I was wondering today if War of the Worlds isn't the most sequelled bit of SF ever. There have been god knows how many books TV series and comics that posit a "Second Invasion" - damn! I just remembered... Frankenstein. Ah well.

Sadly the site that carried galleries of hundreds of covers of editions from all over the world has vanished but has been archived by the Wayback Machine here:
https://web.archive.org/web/20160413155447/http://drzeus.best.vwh.net/wotw/

Well worth a browse.

They're brilliant, JM: why haven't I seen these before?

Thank you. Not sure they're 'brilliant' but they amuse me.
 
YEESSS.... :) I reviewed the concert/theatre version of the musical a few years ago. It was wonderful.
I listened to the whole 4 sides of the original vinyl version today. I must have not made it to side 4 before as I didn't recognize any of it and it's awful, but the other 3 sides are all brilliant! Is David Essex in the stage version too?
 
Is David Essex in the stage version too?

Sadly, no. Have seen it more than once. The original tour version did have Justin Hayward & Chris Thompson in it, though: Justin was as good as I thought he would have been, Chris's version of Thunderchild on the night was stunning. The roles of the Artilleryman and Parson Nathaniel (in part, I guess due to the sad death of Philip Lynott in the 1980's) and Beth have always been played by different actors/actresses on different tours. First tour (2006!) was Alexis James as the Artilleryman and a surprisingly good (but then, he is an opera singer!) Russell Watson as Parson Nathaniel.
 
Sadly the site that carried galleries of hundreds of covers of editions from all over the world has vanished but has been archived by the Wayback Machine here:
https://web.archive.org/web/20160413155447/http://drzeus.best.vwh.net/wotw/

Well worth a browse.
a quite amazing collection
i found the cover for my copy it is inscribed to my dad for Christmas 1925 when he was 10
0186.jpg
 
I have my dad's copy too. (Somewhere in the guddle that is my bookshelves) And his copies of The First Men in the Moon and The Time machine too. They were the copies I read to my daughter. There's powerful juju in handing books down through generations like that.
 
I was bought this quite boringly dust-jacketed edition by my aunt & uncle. But the books in it were quite something....

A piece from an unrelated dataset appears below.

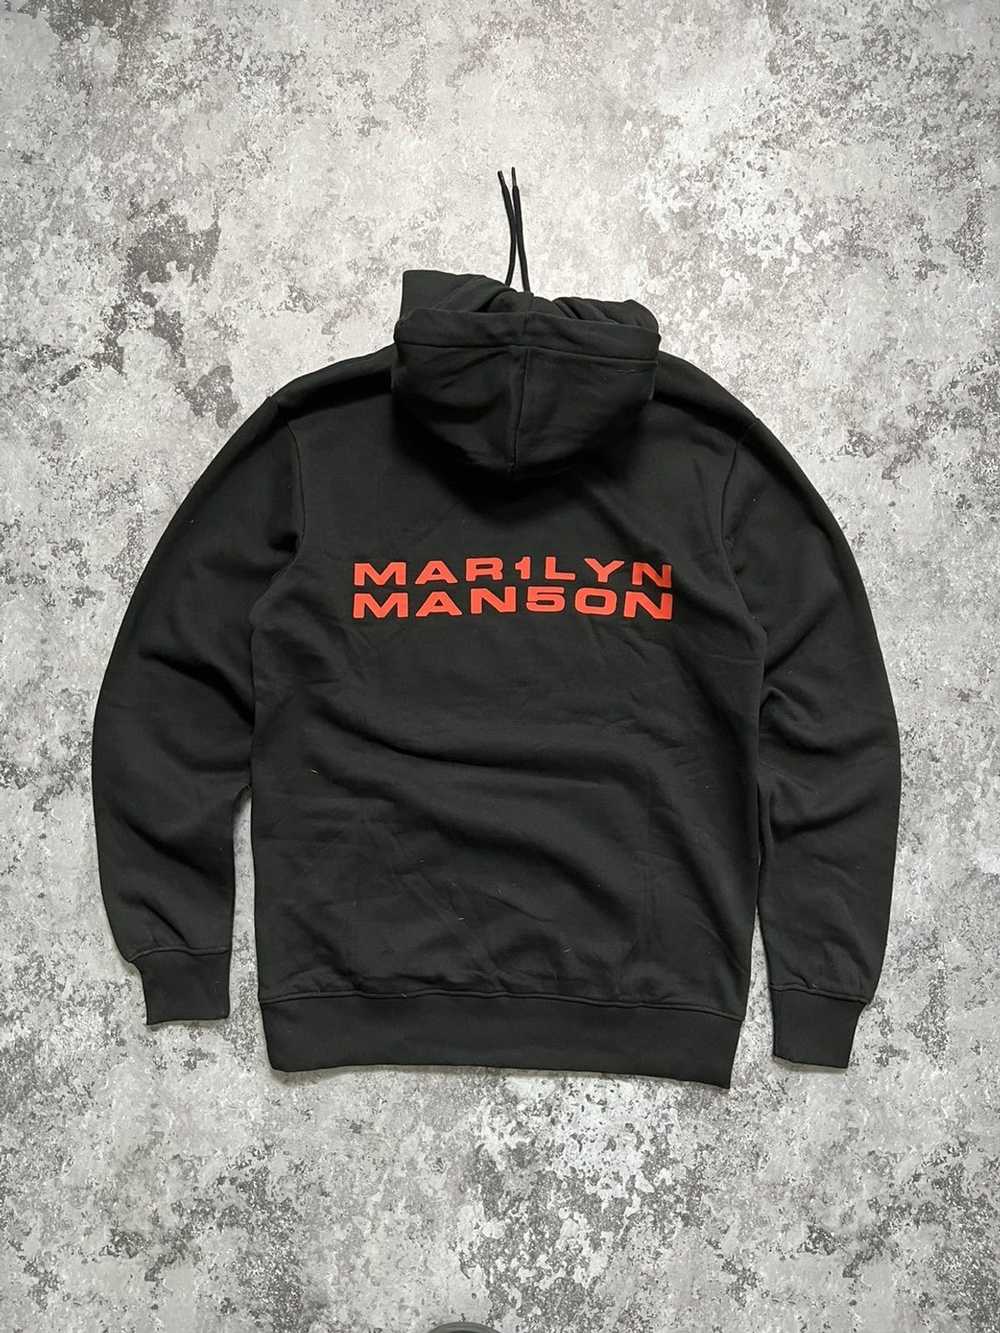 Marilyn Manson × Streetwear Marilyn Manson Hoodie - image 4

51PlFb%2BqsuL._SY344_BO1,204,203,200_.jpg
 
Unless you read them out loud to an appreciative audience.

I read War of the Worlds as a bedtime story to my oldest daughter (she was probably aged 10 or so at the time). It was great fun. It's a cracking read. (Though it has to be said Mr Wells was overly fond of the word 'tumult' which gets wildly overused in this book. 10 times in one chapter as I recall.)

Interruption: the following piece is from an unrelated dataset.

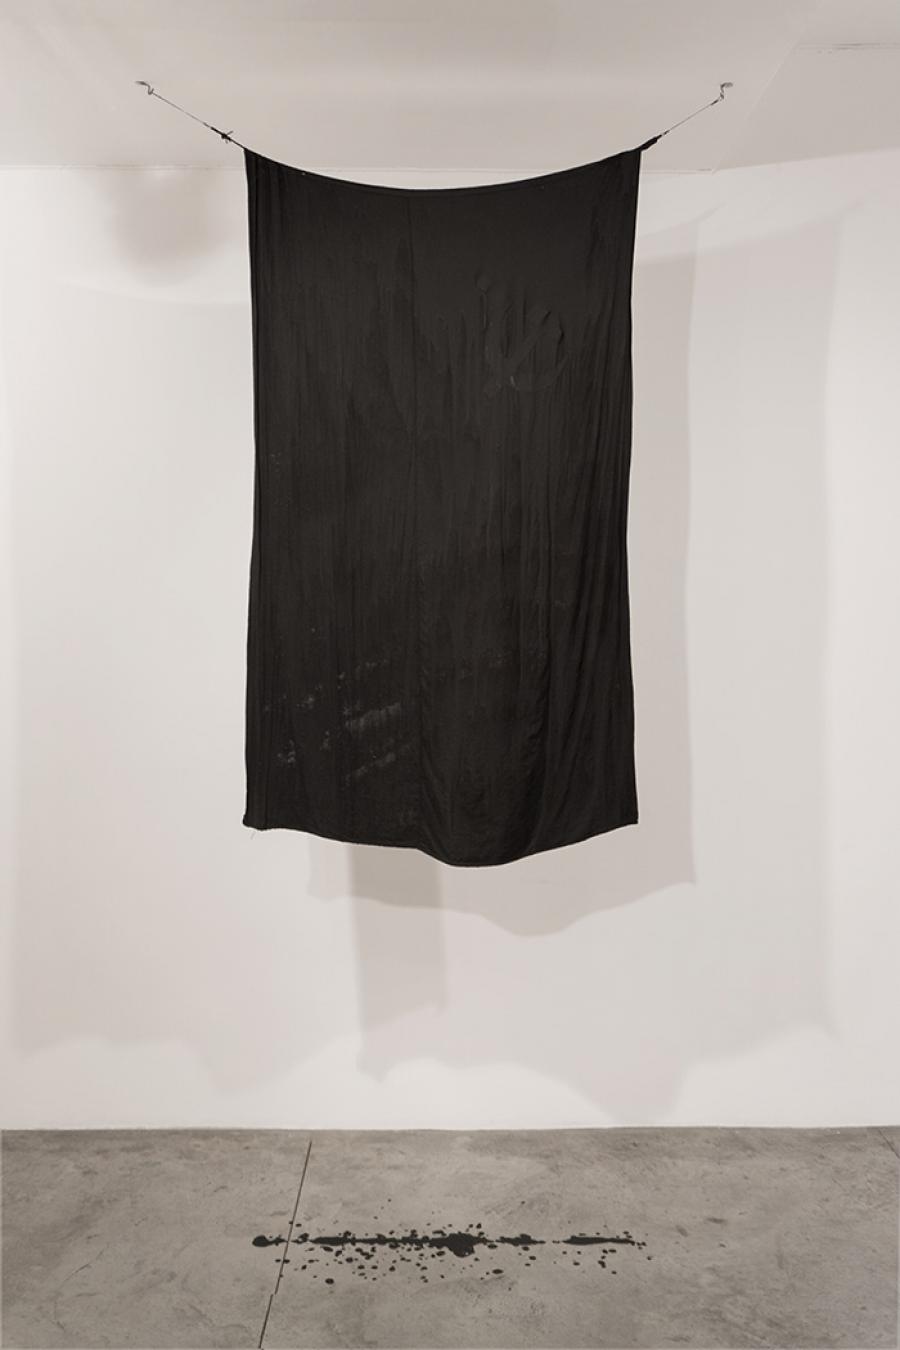 Doma, Bandera negra, 2016. Acrílico sobre tela, 140 X 110 cm.

That's a good point. Thanks for bringing it up.
 
I wonder if TV and movies spoiled the American imagination to some extent, even though I enjoy a decent flick as much as the next guy. Wells wanted to develop the Martians and their ships with a good deal of detail, from what I remember of the book. Reading requires us to develop our imaginations, and it's a far more individualistic act than watching a movie is. You read a scene in a book, you imagine it in your own possibly quixotic way, depending on the voice of the writer and the level of detail. Then you watch a movie with your friends. How you feel about what you're watching can color the scene, but the basic information in the scene leaves nothing to the imagination. The movies are more of a shared experience than books are.

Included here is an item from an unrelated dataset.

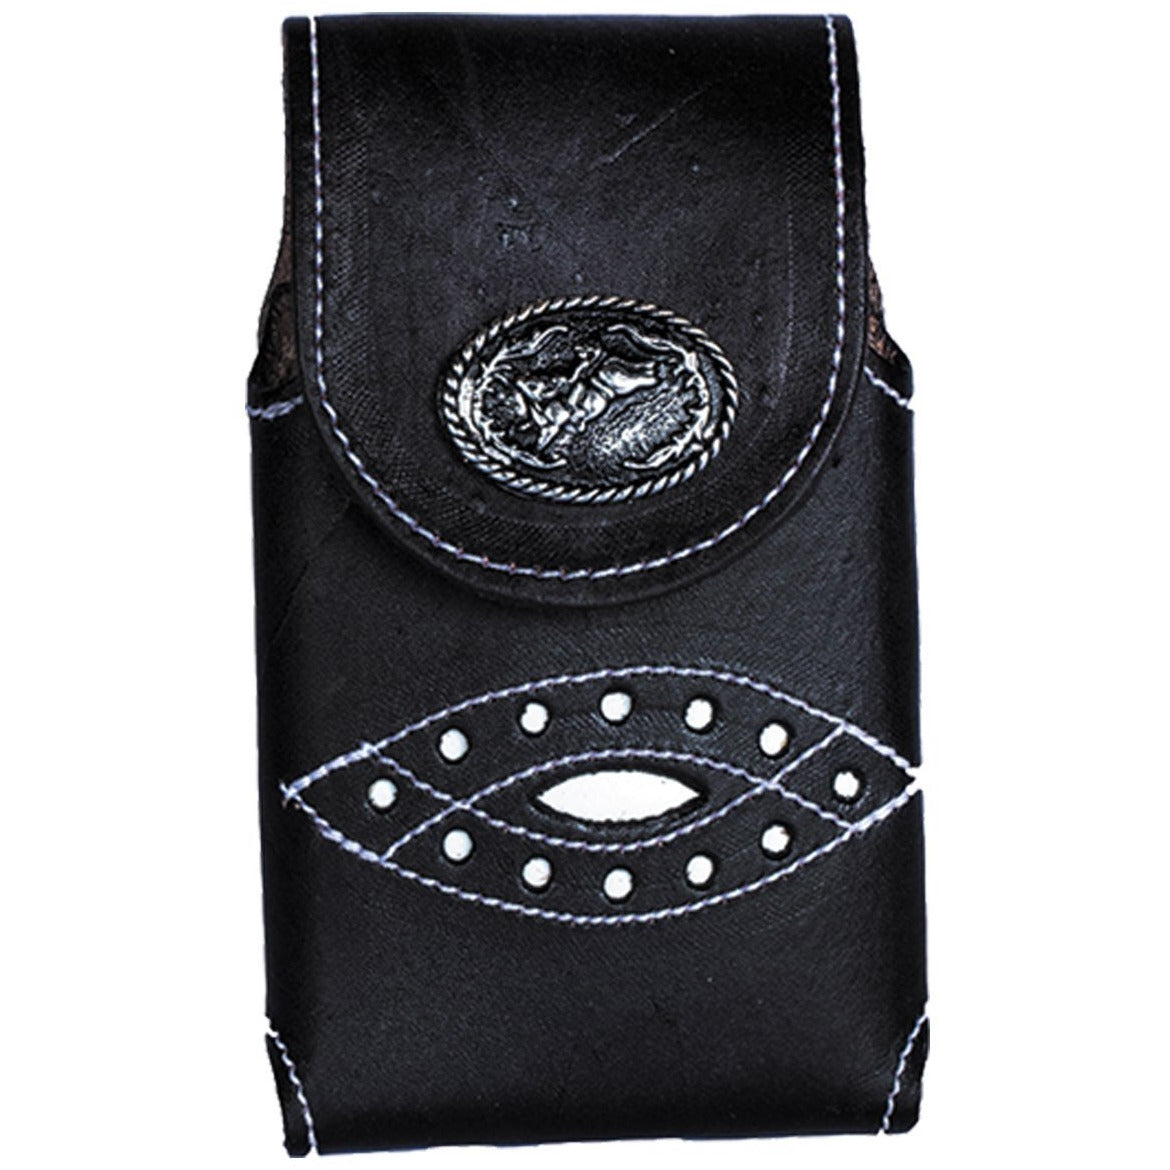 FB01 Black Charra Leather Case

I think a lot of the detail put into older sci-fi books is because they had no visual reference with the reader. Today film and comics have largely educated the audience in a shared language. We know what an alien death ray looks like, what a flying saucer looks like, tentacle mouthed aquatic horrors, etc. But back in the day trying to convey these images via words was difficult.
 
I think a lot of the detail put into older sci-fi books is because they had no visual reference with the reader. Today film and comics have largely educated the audience in a shared language. We know what an alien death ray looks like, what a flying saucer looks like, tentacle mouthed aquatic horrors, etc. But back in the day trying to convey these images via words was difficult.

That's a good point. Technology has definitely re-calibrated our standards as to what it means to put out a good story.